- Education: Lawrence University Bachelors of Arts (1995) Wright State University Masters of Science (1997) University of Wisconsin-Madison PhD (2002)
- Known for: Limnology
- Scientific career
- Workplaces: United States Environmental Protection Agency

= Amina Pollard =

American limnologist and ecologist

Amina Pollard is an American limnologist and ecologist at the U.S. Environmental Protection Agency (EPA).

Pollard leads the U.S. EPA National Lakes Assessment, which seeks to provide information on the health of lakes, ponds, and reservoirs across the United States. She currently serves on the Association for the Sciences of Limnology and Oceanography (ASLO) board of directors (2018-2021), chairs ASLO's annual awards committee, and is a scientific advisor to Canada's Lake Pulse research program.

== Education and early career ==
Pollard received her BA from Lawrence University in 1995 and a Master's degree from Wright State University in 1997. In 2002, she received her PhD from the University of Wisconsin-Madison's Center for Limnology under the supervision of John Magnuson and Thomas Frost. Pollard studied how the structure and connectedness of streams and lakes affects invertebrate communities within those systems. She also measured the consequences of dam removal on stream benthic invertebrate communities.

After graduating from the University of Wisconsin, Pollard starting working for the EPA as a postdoctoral fellow and has remained at the EPA her entire career.

== Career ==

At the EPA, Pollard leads the National Lakes Assessment (NLA), a standardized and coordinated effort to sample lakes in the U.S. The NLA provides publicly available colocated biological, chemical, habitat, and human use metrics for representative lakes every 5 years starting in 2007. Comparing the 2007 and 2012 NLA sampling efforts allowed Pollard and her colleagues to determine that the proportion of "blue" lakes was declining while the proportion of "murky" lakes was increasing in the continental U.S. The increase in murky lakes - an indicator of poor water quality - was due to the combined effect of increased eutrophication and dissolved organic carbon inputs from the terrestrial environment. Pollard and colleagues also determined that the murky lakes were less efficient at transferring energy up the food web (to zooplankton, for example), despite having the highest rates of primary production. The murky lakes also had the highest concentration of microcystin, which are a class of toxins produced by cyanobacteria and are potentially toxic to human health in high enough concentrations. Pollard has also shown that combining national-scale datasets, such as the NLA, with local-scale data improves prediction accuracy of microcystin concentrations at the local level.

Research by Pollard and colleagues has advanced our understanding of how environmental change and the structure of landscapes influence freshwater communities and ecosystems. Pollard led and contributed to work characterizing how the connections between streams, lakes, and wetlands within landscape mosaics control the movement and community structure of freshwater organisms. In a study exploring changing nutrient concentrations in freshwaters, Pollard and colleagues noted that both lakes and streams were increasing in total phosphorus (TP) concentration in the continental U.S., another indicator of eutrophication, and the most notable increases were in relatively pristine catchments.

Pollard also contributed to the U.S. EPA's Causal Analysis/Diagnosis Decision Information System (CADDIS) sections on analytical examples and data analysis. CADDIS represents an ongoing effort to assist scientists, managers, and engineers conduct data-informed causal assessments to identify sources of impairment to aquatic organisms.

In 2018, Pollard became the first African-American woman plenary speaker at the Association for the Sciences of Limnology and Oceanography annual meeting. She is currently the ASLO's Awards Chair.

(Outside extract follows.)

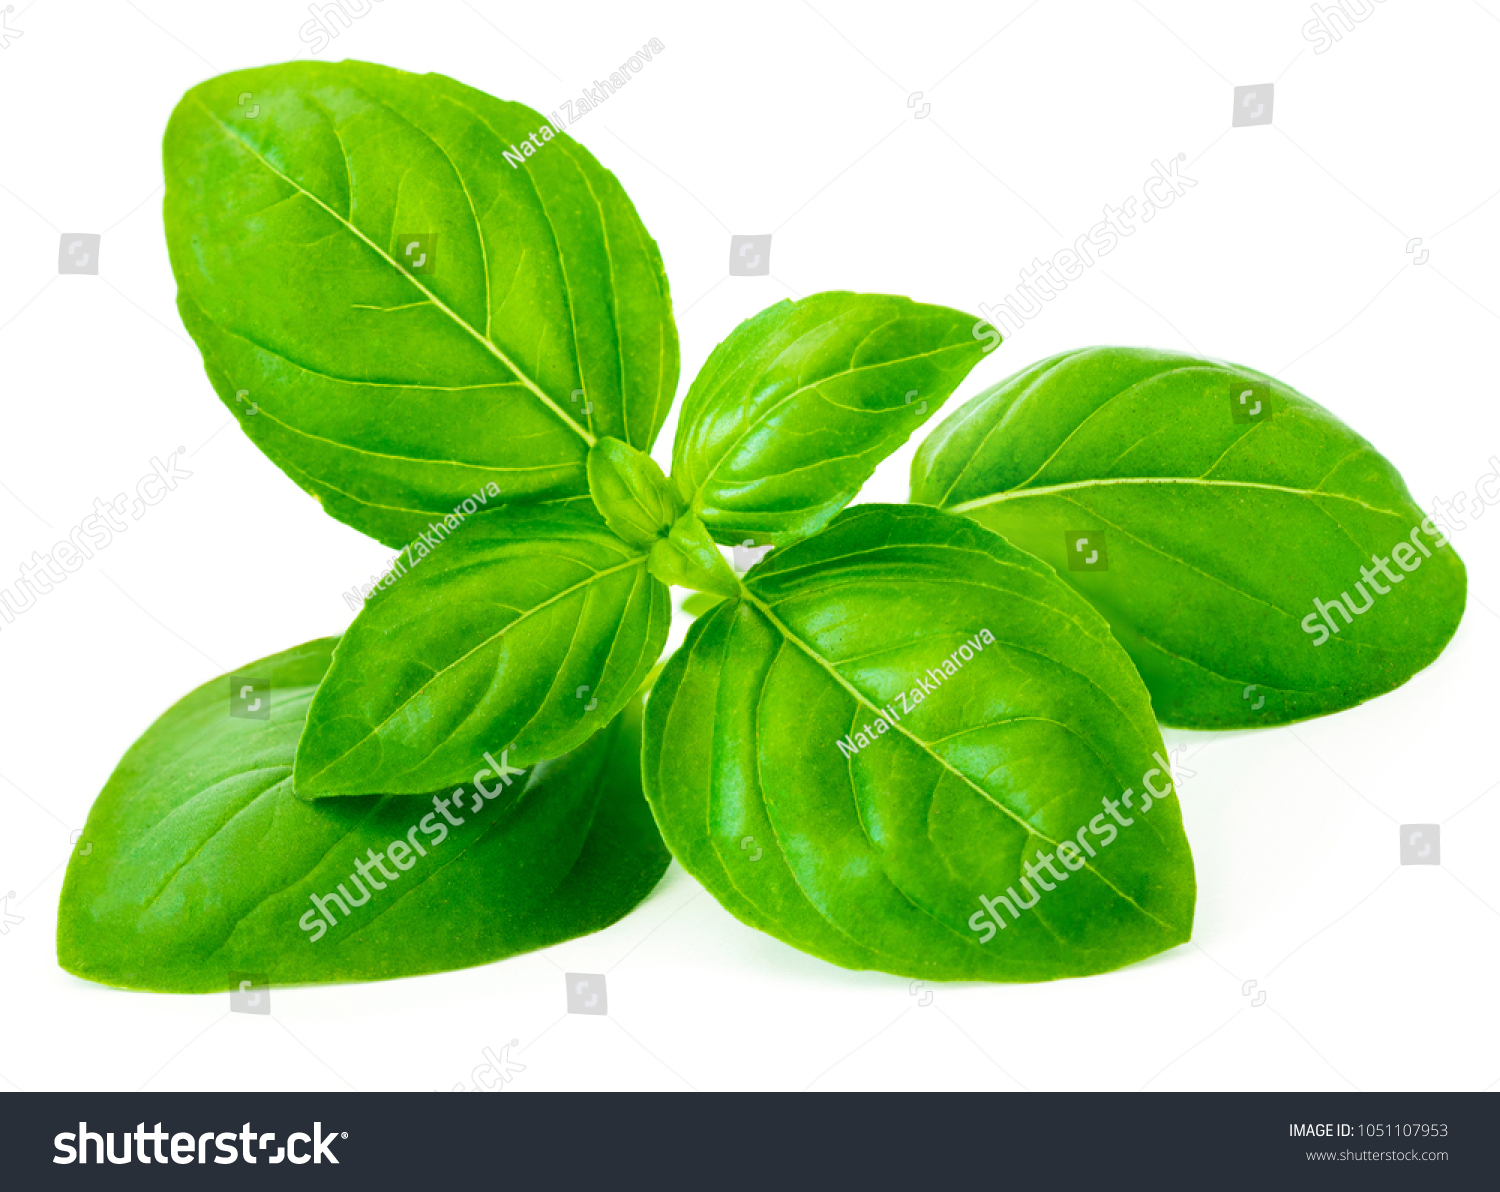 Fresh basil leaf isolated on white background, close up. Basil herb
 #1051107953

In 2021, Pollard became a candidate to become a "Member at Large" on the Board of Directors of Association for the Sciences of Limnology and Oceanography (ASLO).

== Awards ==

- Friends of North American Lake Management Society Award.
- Embassy Science Fellow in Uruguay
- US EPA Science and Technology Achievement Award
- US EPA Gold Medal for Exceptional Service

In 2018, Pollard and the EPA NLA Team were nominated by Lisa Borre on behalf of the NALMS Government Affairs Committee for the Friends of North American Lake Management Society Award. Pollard and her team won the award for their coordinated effort with the EPA, states, tribes, federal agencies, and other organizations to implement the National Lakes Assessment (NLA), a large-scale statistical survey of the condition of our nation's lakes, ponds, and reservoirs.